● GIVEN INFORMATION:
+-------+

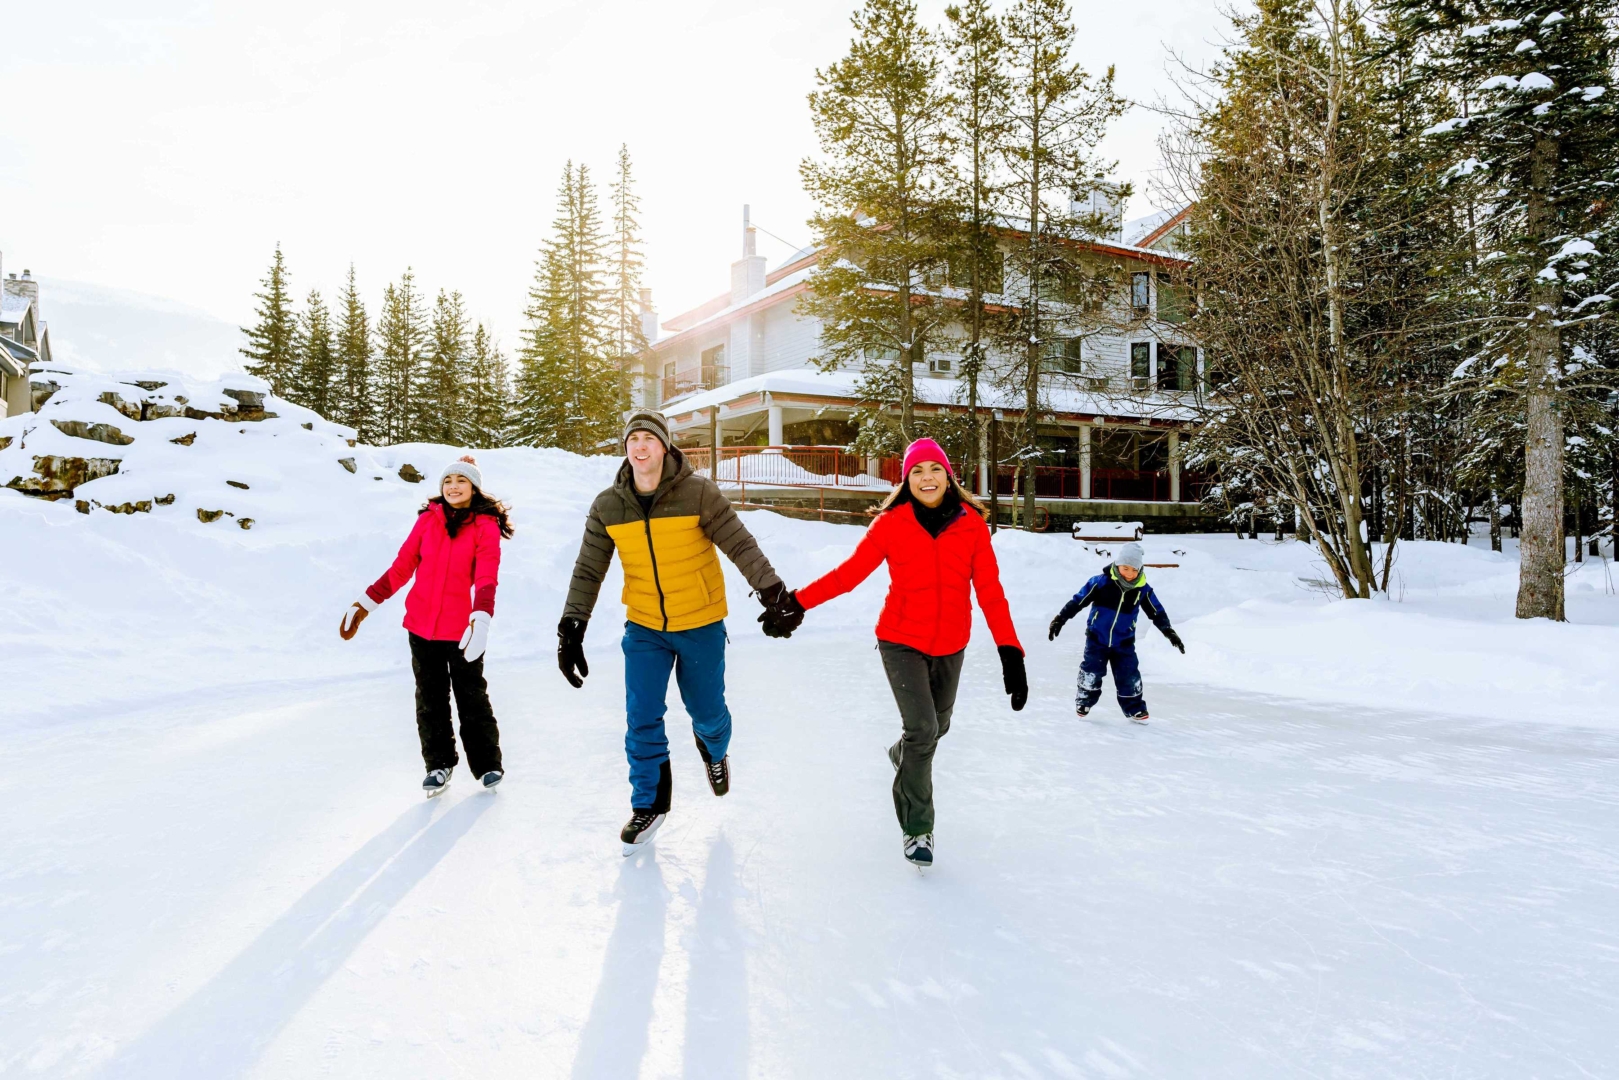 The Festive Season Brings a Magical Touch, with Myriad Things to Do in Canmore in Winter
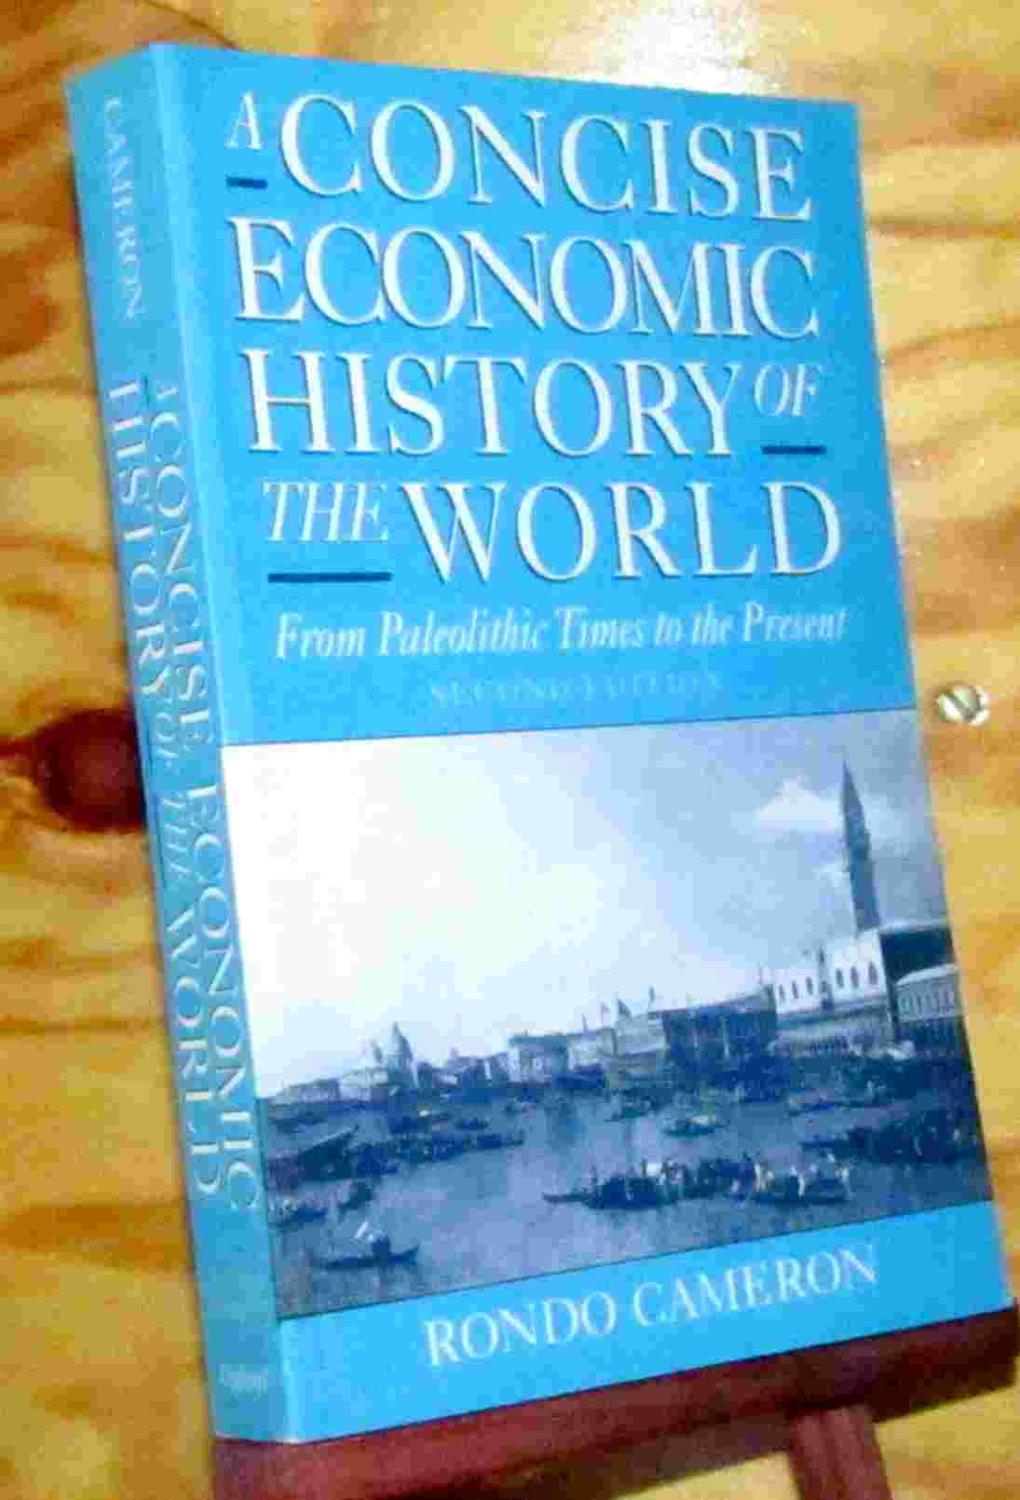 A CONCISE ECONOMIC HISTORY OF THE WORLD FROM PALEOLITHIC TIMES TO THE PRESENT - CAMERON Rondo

+-------+

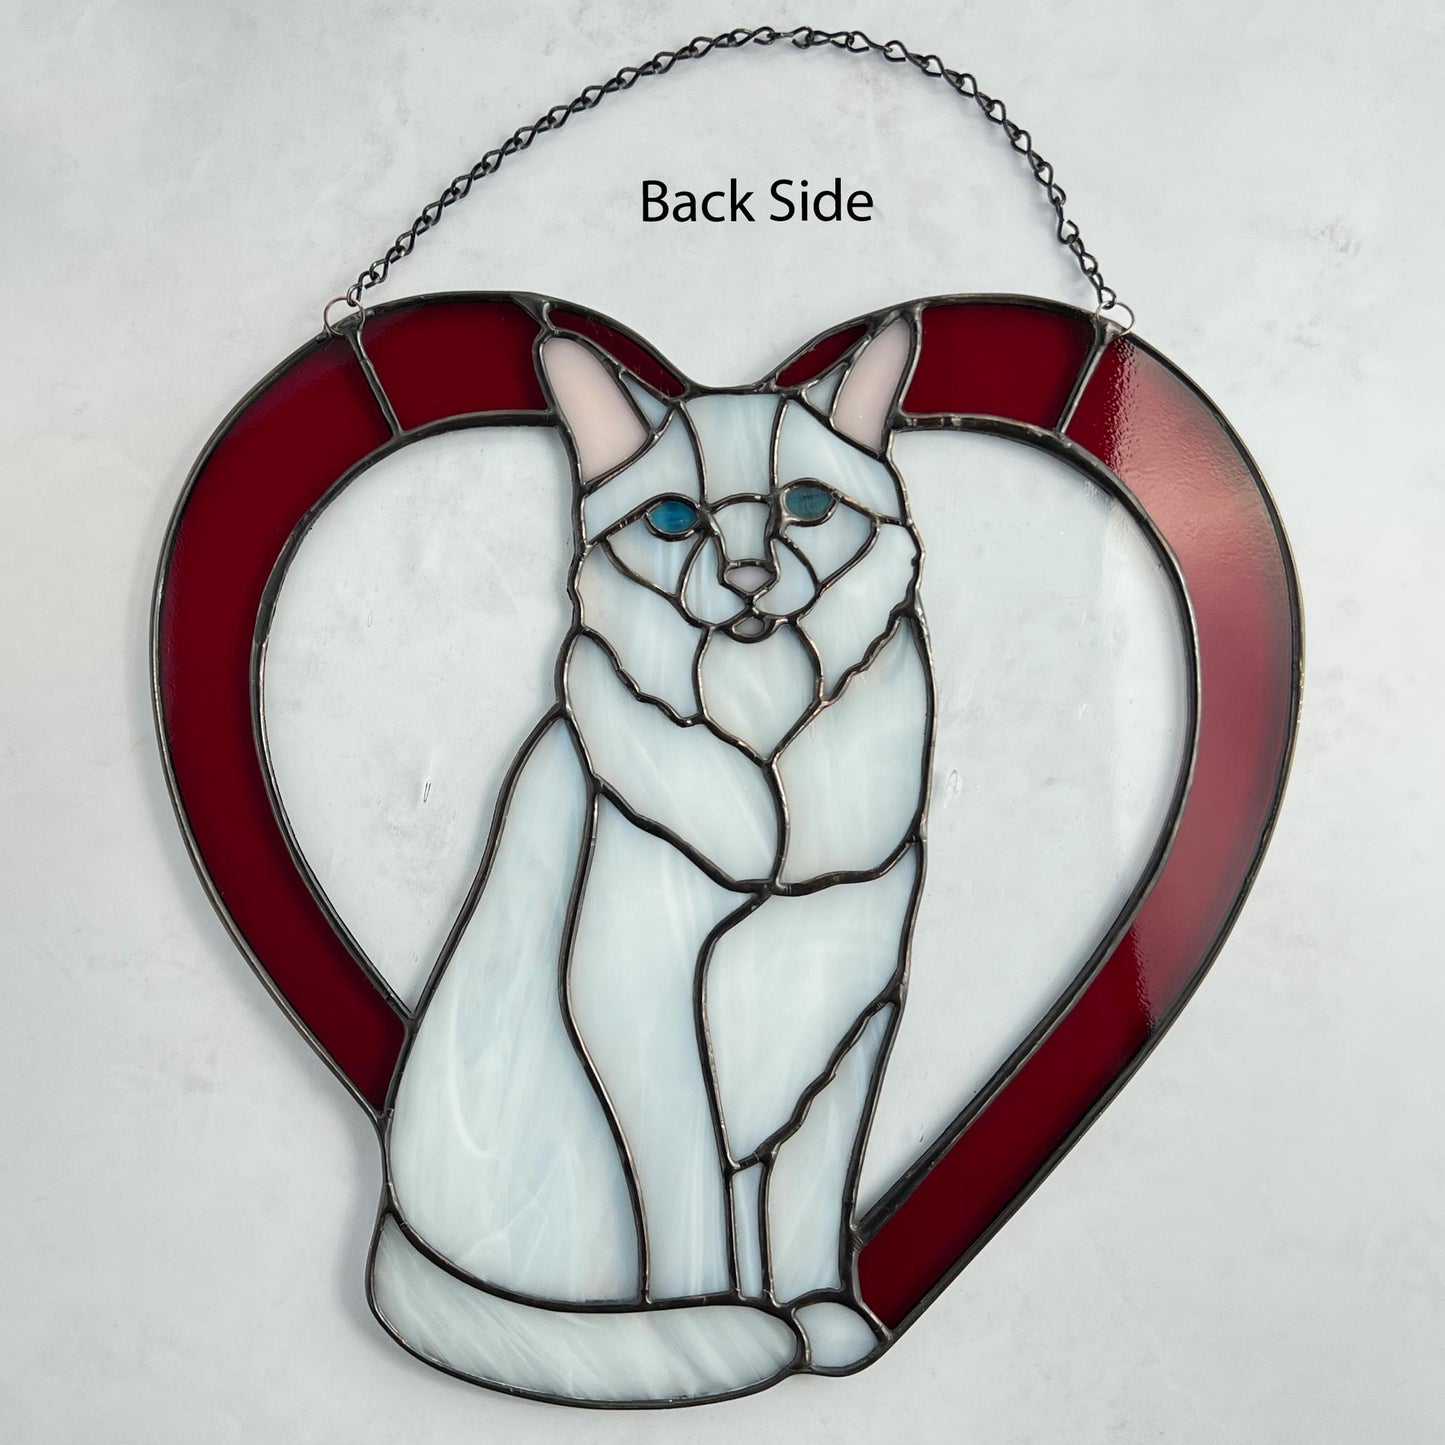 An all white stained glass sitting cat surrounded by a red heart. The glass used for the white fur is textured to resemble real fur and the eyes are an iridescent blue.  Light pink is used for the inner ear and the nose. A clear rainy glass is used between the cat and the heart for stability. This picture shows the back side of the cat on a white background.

+-------+

● YOUR GOAL:
Look above for the line with "The Festive Season" and the line with "A CONCISE ECONOMIC". Give again exactly those two lines and all lines between them, pictures excluded.

● SOLVED EXERCISE:
 The Festive Season Brings a Magical Touch, with Myriad Things to Do in Canmore in Winter
 A CONCISE ECONOMIC HISTORY OF THE WORLD FROM PALEOLITHIC TIMES TO THE PRESENT - CAMERON Rondo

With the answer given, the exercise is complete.